Information provided:
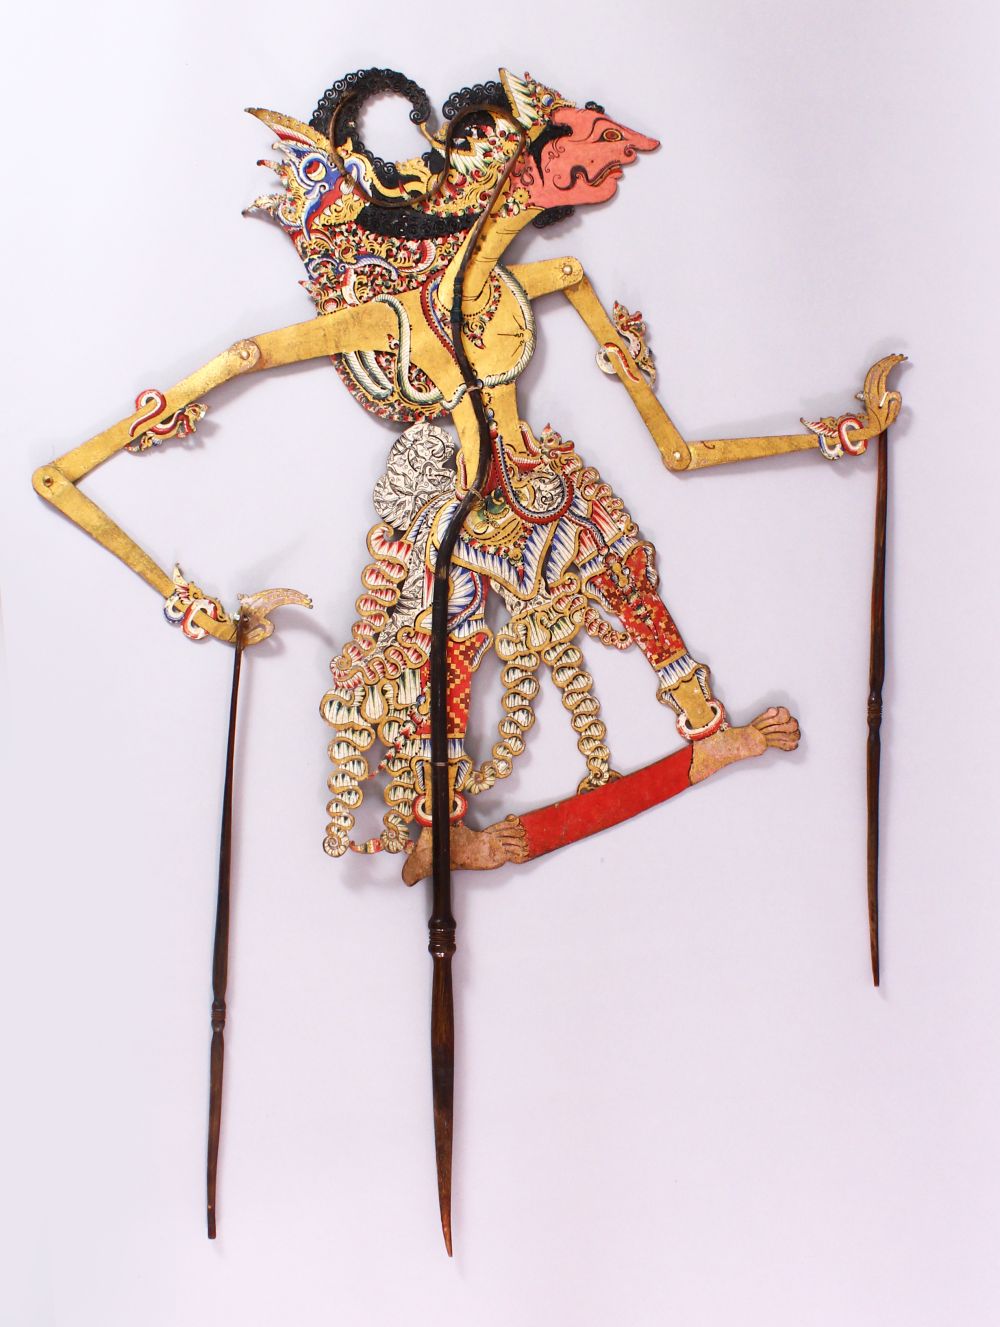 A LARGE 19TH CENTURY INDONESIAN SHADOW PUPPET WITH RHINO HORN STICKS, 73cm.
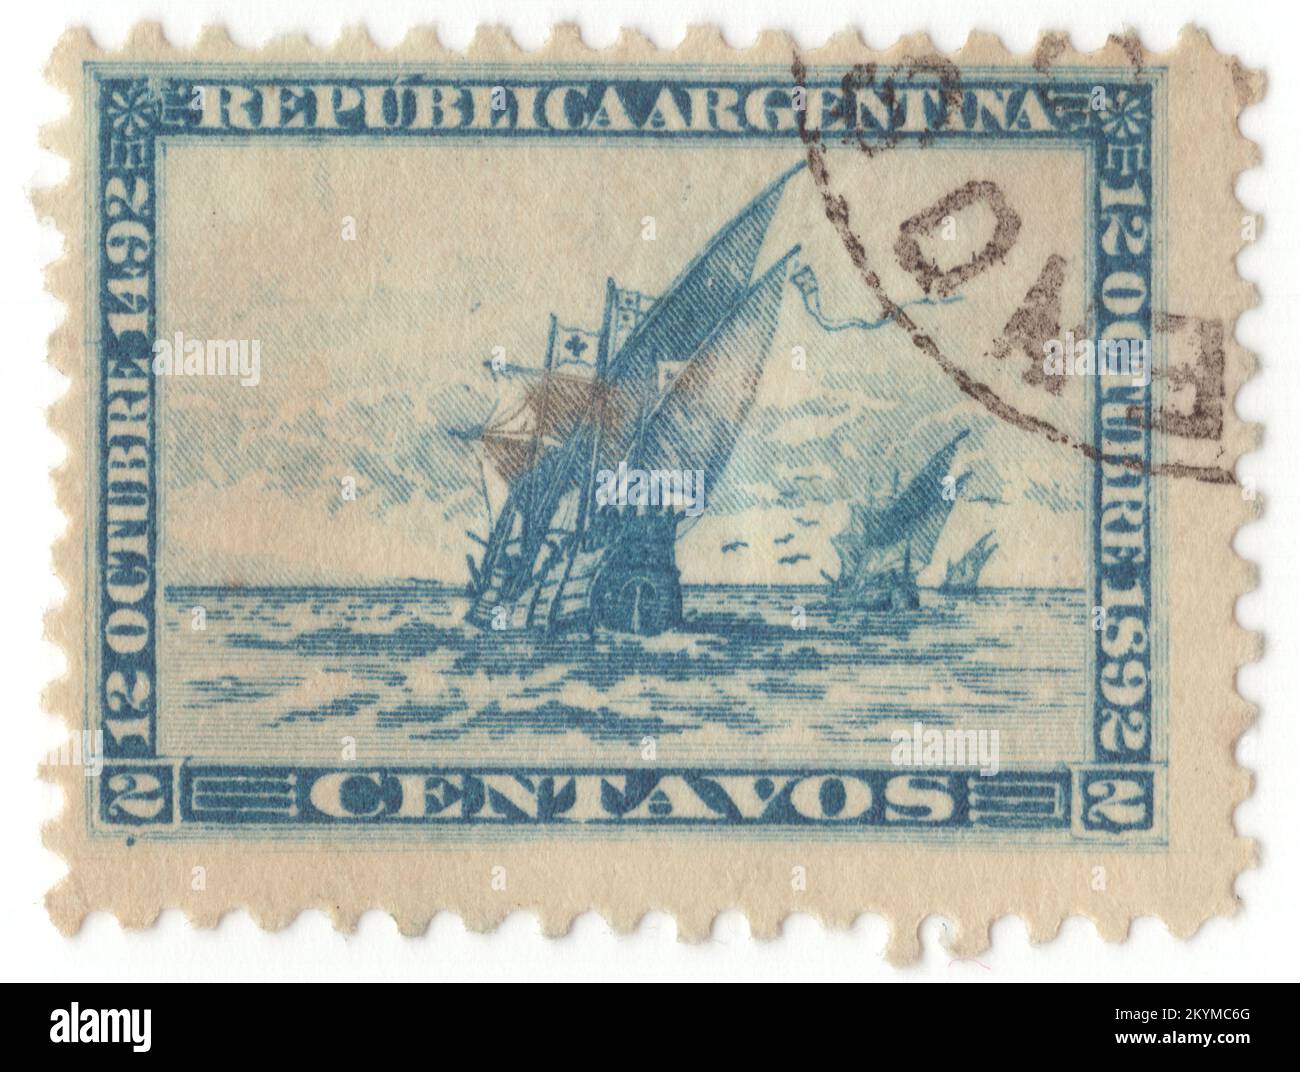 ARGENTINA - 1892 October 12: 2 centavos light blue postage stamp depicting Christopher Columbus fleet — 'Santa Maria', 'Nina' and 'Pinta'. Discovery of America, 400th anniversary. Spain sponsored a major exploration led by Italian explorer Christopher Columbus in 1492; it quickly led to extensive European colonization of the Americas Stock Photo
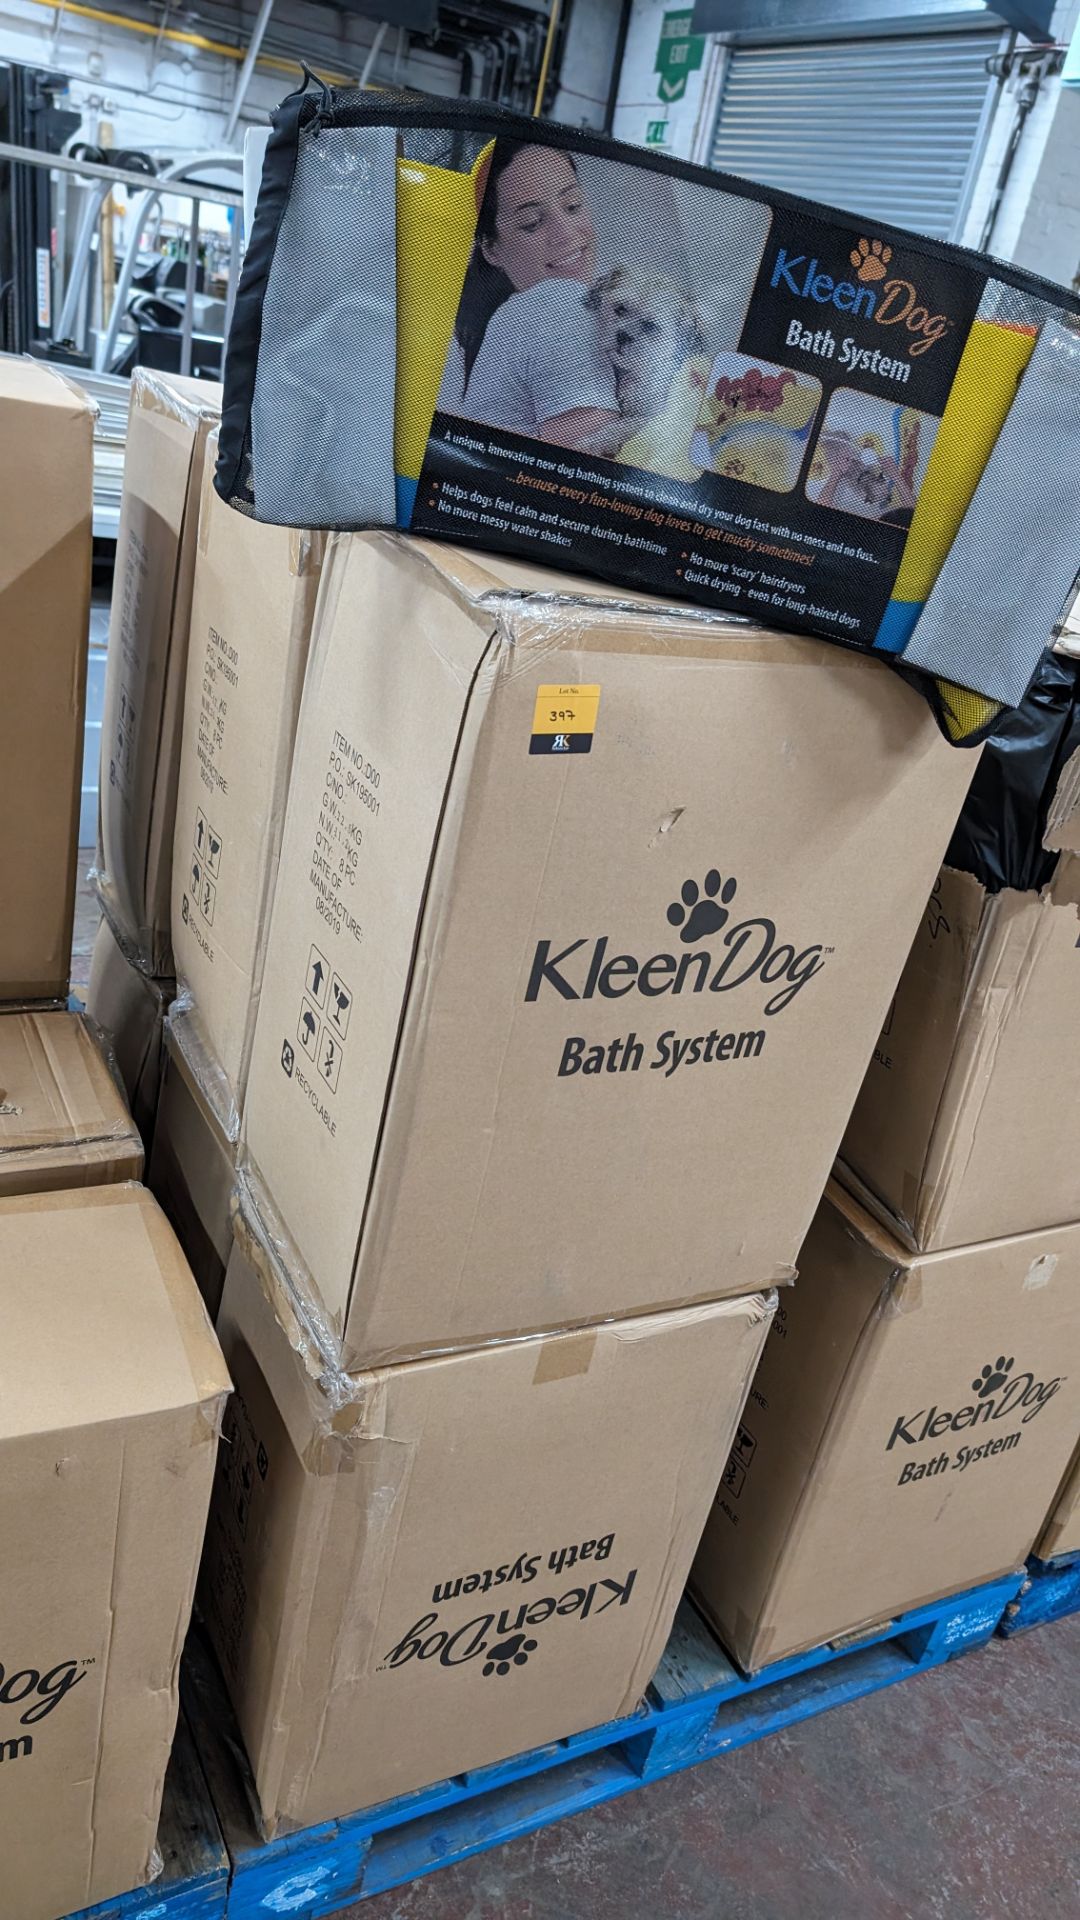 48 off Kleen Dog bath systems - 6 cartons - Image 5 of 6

Assignment:
Every line from the one containing "ARGENTINA - 1892" through the end of the listing is to be copied exactly; the pictures are not.

Reply:
 ARGENTINA - 1892 October 12: 2 centavos light blue postage stamp depicting Christopher Columbus fleet — 'Santa Maria', 'Nina' and 'Pinta'. Discovery of America, 400th anniversary. Spain sponsored a major exploration led by Italian explorer Christopher Columbus in 1492; it quickly led to extensive European colonization of the Americas Stock Photo
 48 off Kleen Dog bath systems - 6 cartons - Image 5 of 6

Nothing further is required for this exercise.